- [Try it] Leaving pictures aside, set down each line exactly, from the first line of the data to the line with "Future Waitress Gifts, May", both included.

- [The data]
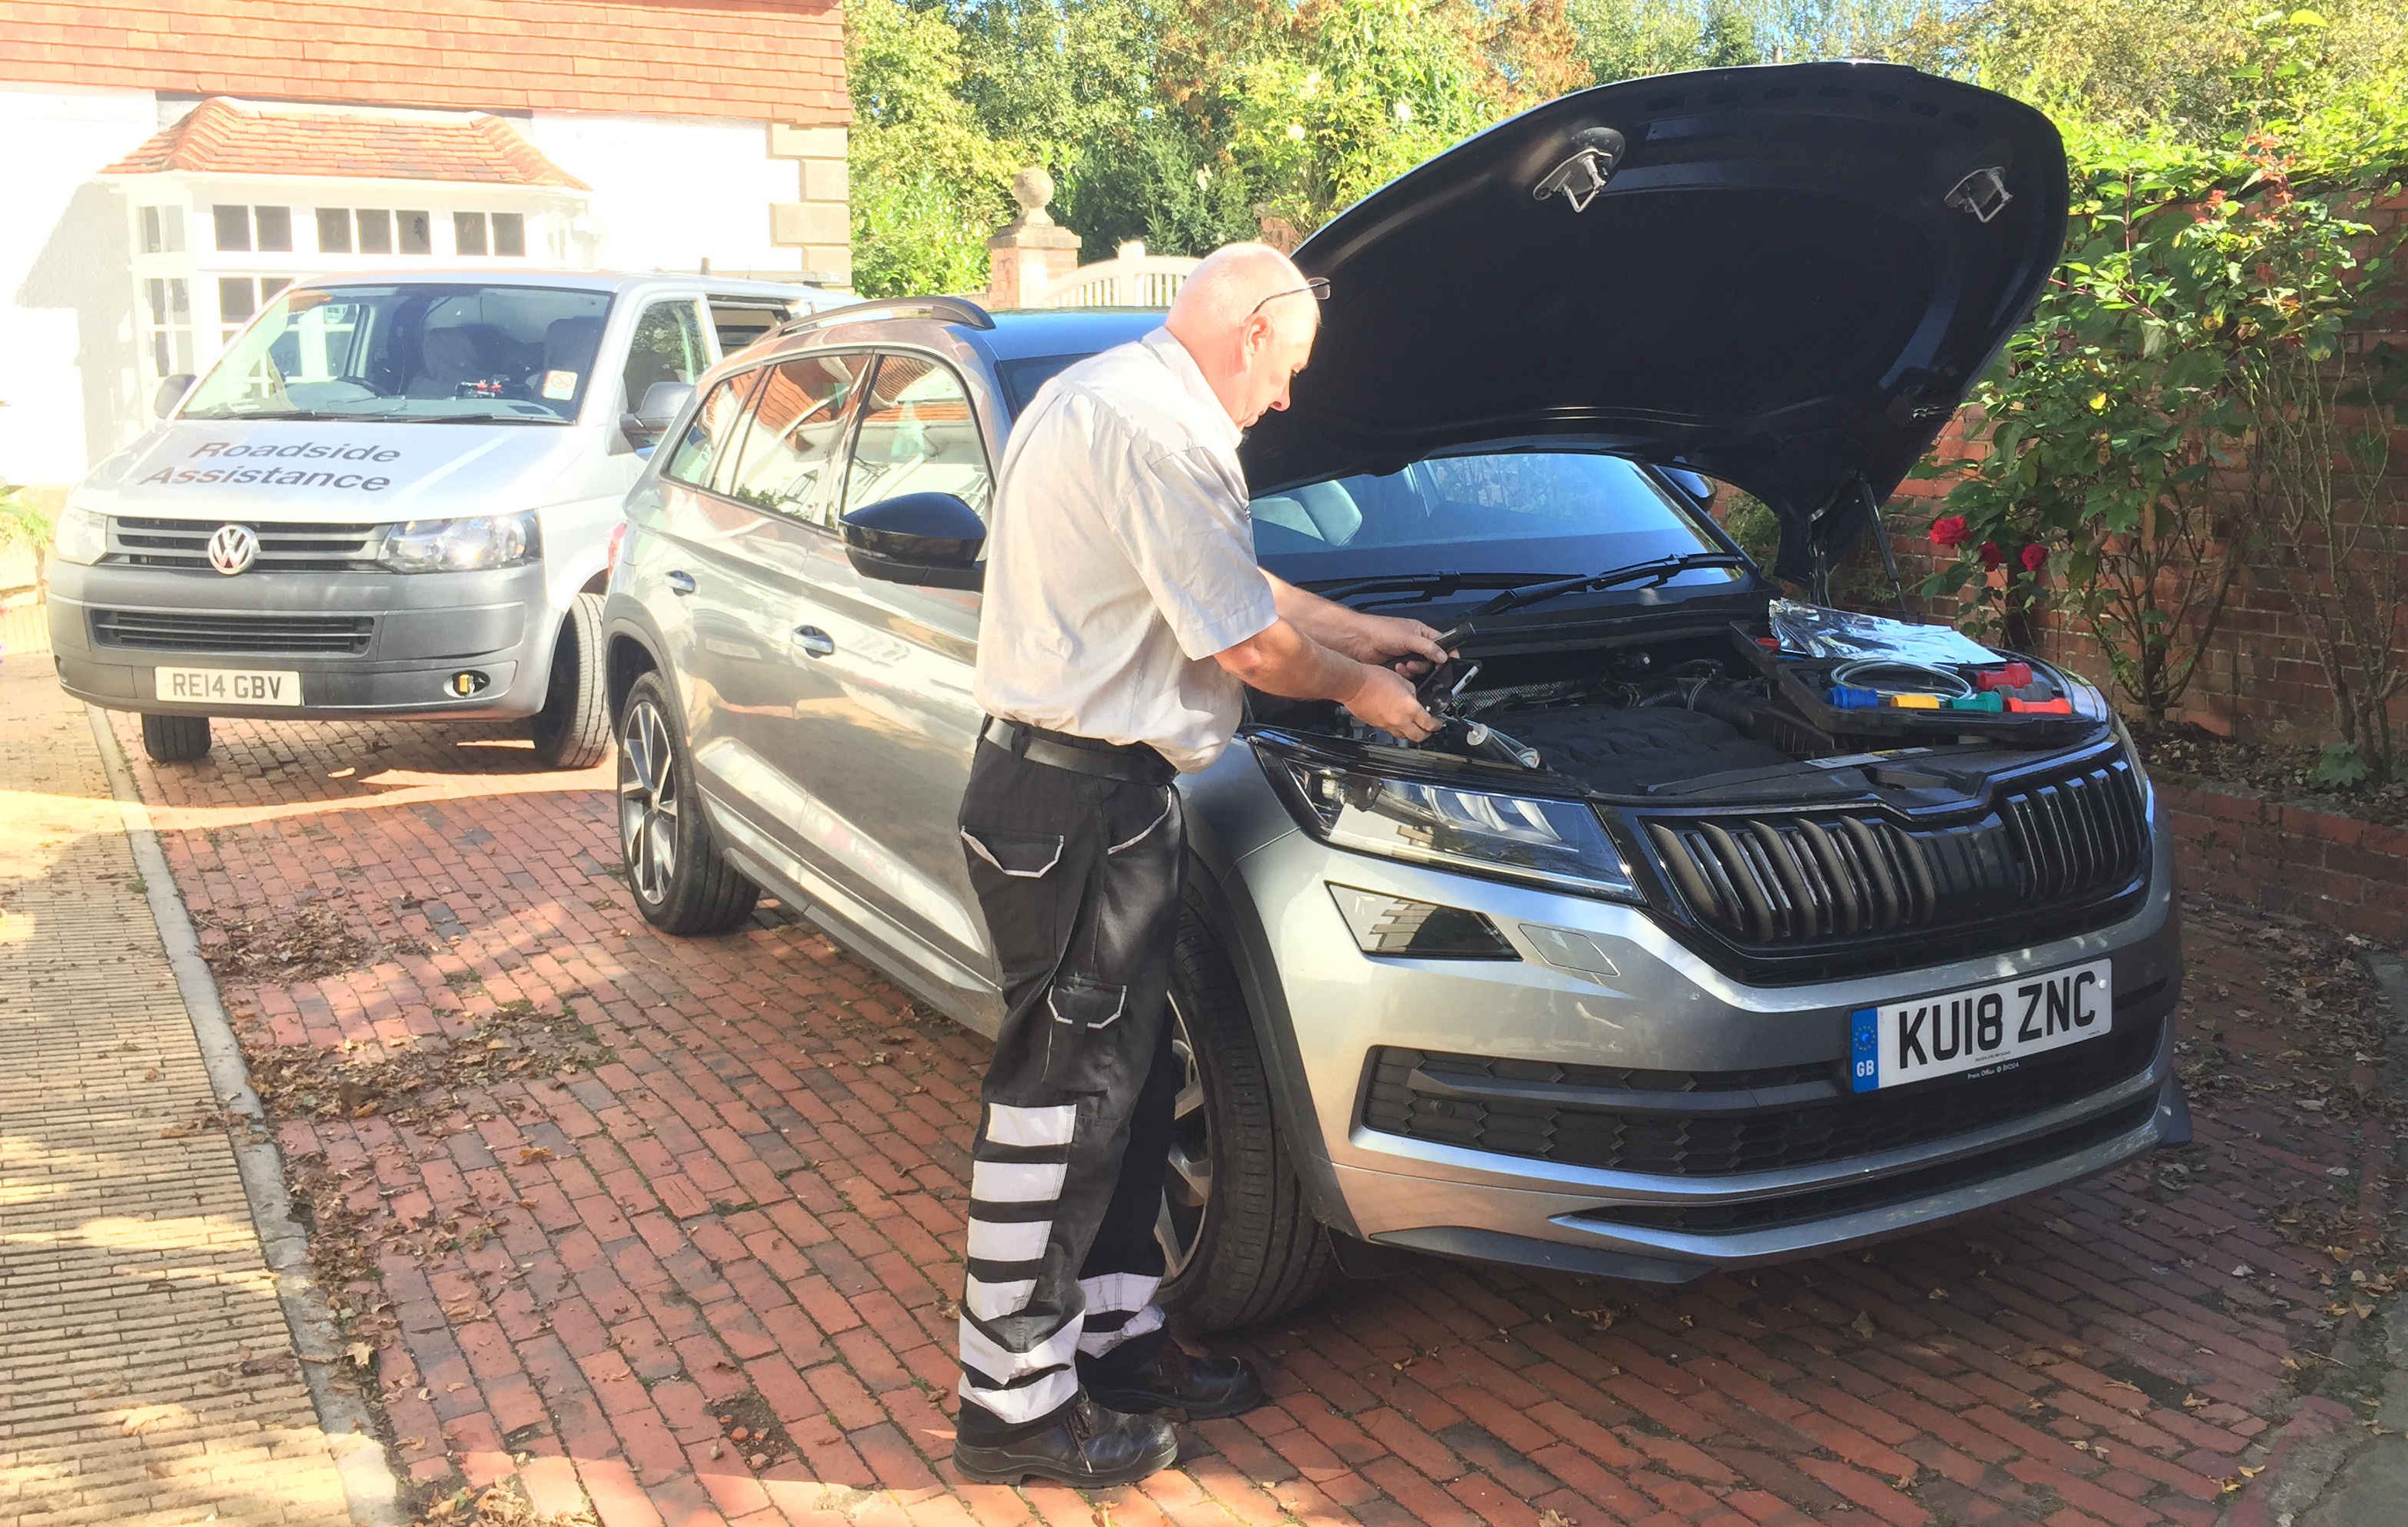 Skoda Kodiaq long-term test review - coolant failure fixed by VW Group Roadside Assistance - James Mills for Driving.co.uk
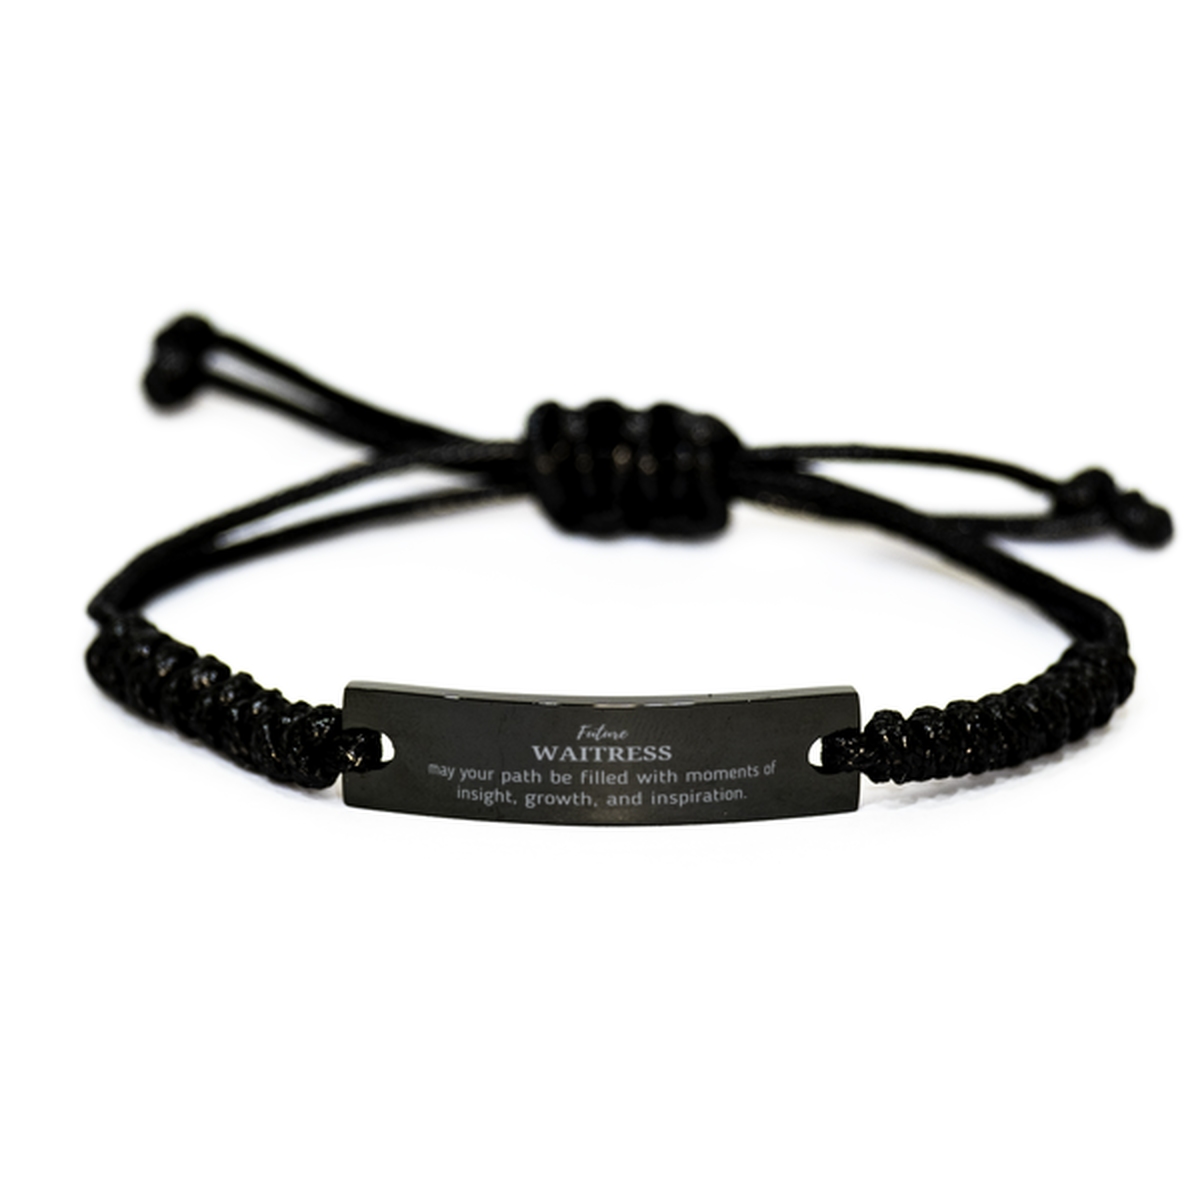 Future Waitress Gifts, May your path be filled with moments of insight, Graduation Gifts for New Waitress, Christmas Unique Black Rope Bracelet For Men, Women, Friends
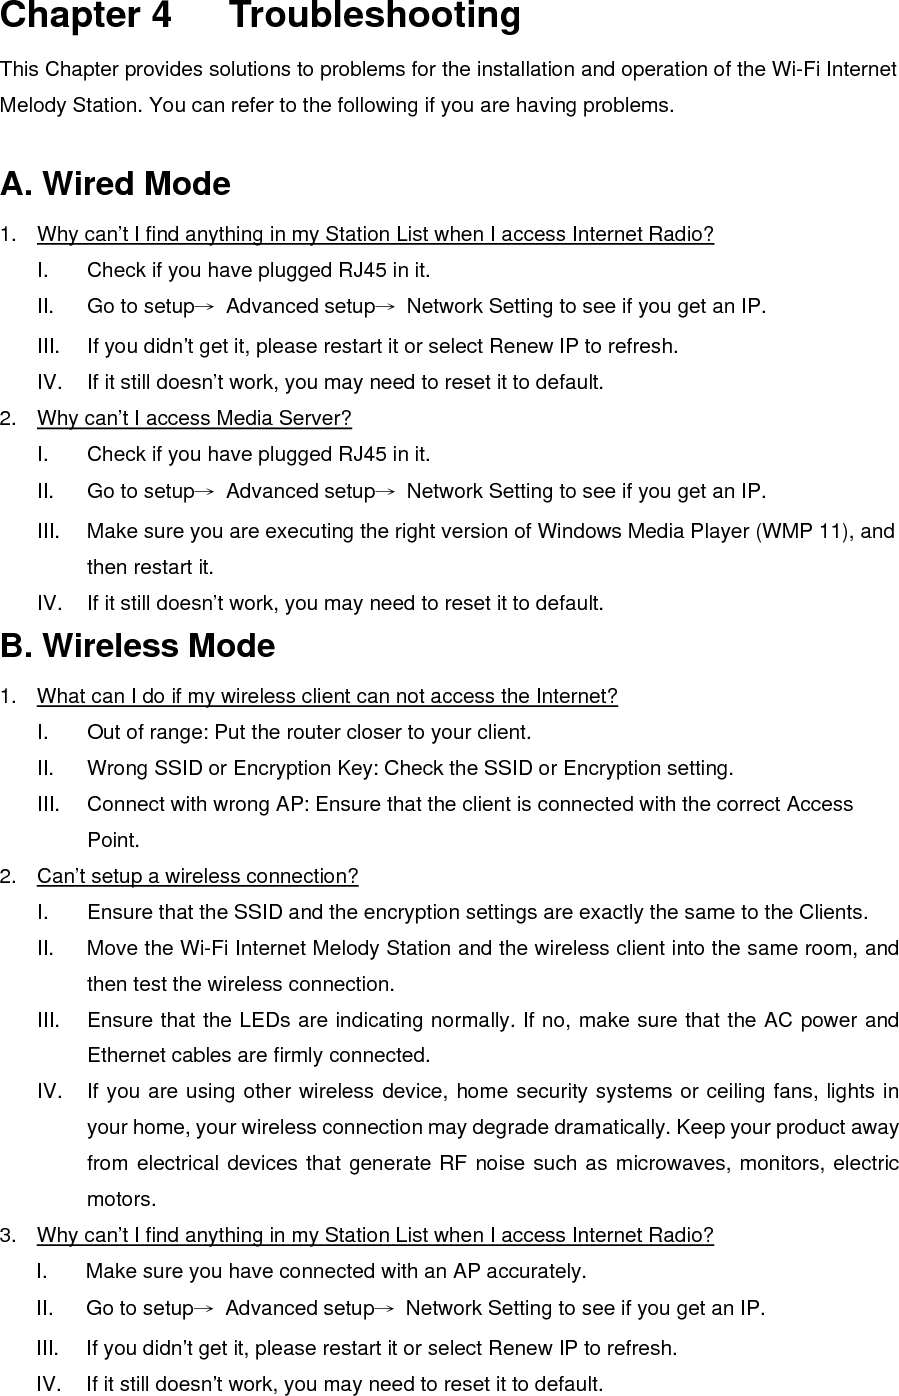  Chapter 4   Troubleshooting This Chapter provides solutions to problems for the installation and operation of the Wi-Fi Internet Melody Station. You can refer to the following if you are having problems.  A. Wired Mode 1.  Why can’t I find anything in my Station List when I access Internet Radio? I.  Check if you have plugged RJ45 in it. II.  Go to setup→ Advanced setup→  Network Setting to see if you get an IP. III.  If you didn’t get it, please restart it or select Renew IP to refresh. IV.  If it still doesn’t work, you may need to reset it to default. 2.  Why can’t I access Media Server? I.  Check if you have plugged RJ45 in it. II.  Go to setup→ Advanced setup→  Network Setting to see if you get an IP. III.  Make sure you are executing the right version of Windows Media Player (WMP 11), and then restart it. IV.  If it still doesn’t work, you may need to reset it to default. B. Wireless Mode 1.  What can I do if my wireless client can not access the Internet? I.  Out of range: Put the router closer to your client. II.  Wrong SSID or Encryption Key: Check the SSID or Encryption setting. III.  Connect with wrong AP: Ensure that the client is connected with the correct Access Point. 2.  Can’t setup a wireless connection? I.  Ensure that the SSID and the encryption settings are exactly the same to the Clients. II.  Move the Wi-Fi Internet Melody Station and the wireless client into the same room, and then test the wireless connection. III.  Ensure that the LEDs are indicating normally. If no, make sure that the AC power and Ethernet cables are firmly connected. IV.  If you are using other wireless device, home security systems or ceiling fans, lights in your home, your wireless connection may degrade dramatically. Keep your product away from electrical devices that generate RF noise such as microwaves, monitors, electric motors. 3.  Why can’t I find anything in my Station List when I access Internet Radio? I.  Make sure you have connected with an AP accurately. II.  Go to setup→ Advanced setup→  Network Setting to see if you get an IP. III.  If you didn’t get it, please restart it or select Renew IP to refresh. IV.  If it still doesn’t work, you may need to reset it to default.

- [Output for this exercise]
 Skoda Kodiaq long-term test review - coolant failure fixed by VW Group Roadside Assistance - James Mills for Driving.co.uk
 Future Waitress Gifts, May your path be filled with moments of insight, Graduation Gifts for New Waitress, Christmas Unique Black Rope Bracelet For Men, Women, Friends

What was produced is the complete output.